- Owner: Mike Brown
- Head coach: Sam Wyche
- Home stadium: Riverfront Stadium

Results
- Record: 3–13
- Division place: 4th AFC Central
- Playoffs: Did not qualify
- Pro Bowlers: T Anthony Muñoz

= 1991 Cincinnati Bengals season =

NFL team season

The 1991 Cincinnati Bengals season was the team's 24th year in professional football and its 22nd with the National Football League (NFL).
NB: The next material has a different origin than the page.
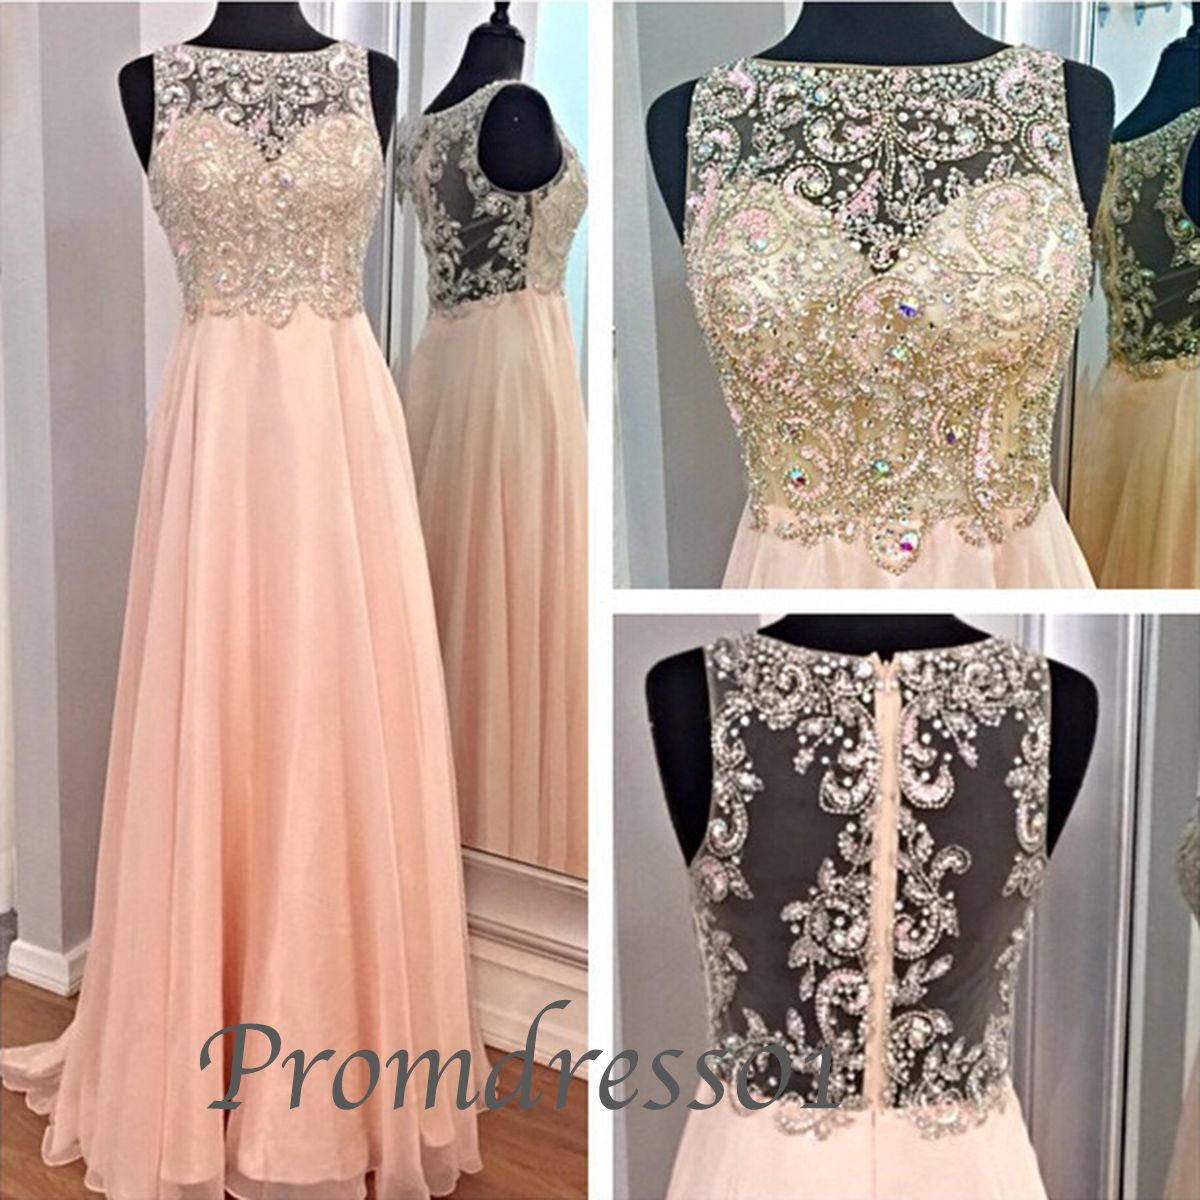 Gorgeous pink chiffon sequins prom dress for teens  promdress  prom  dress a2b8c18db

Prior to the start of the season, the Bengals lost their patriarch when founder, former head coach and general manager Paul Brown died at the age of 82. His son Mike would assume control of the franchise. The Bengals would stumble out the gate losing their first eight games before defeating the Cleveland Browns 23–21 at Riverfront Stadium. The Bengals would only win two more games the rest of the season finishing with a 3–13 record.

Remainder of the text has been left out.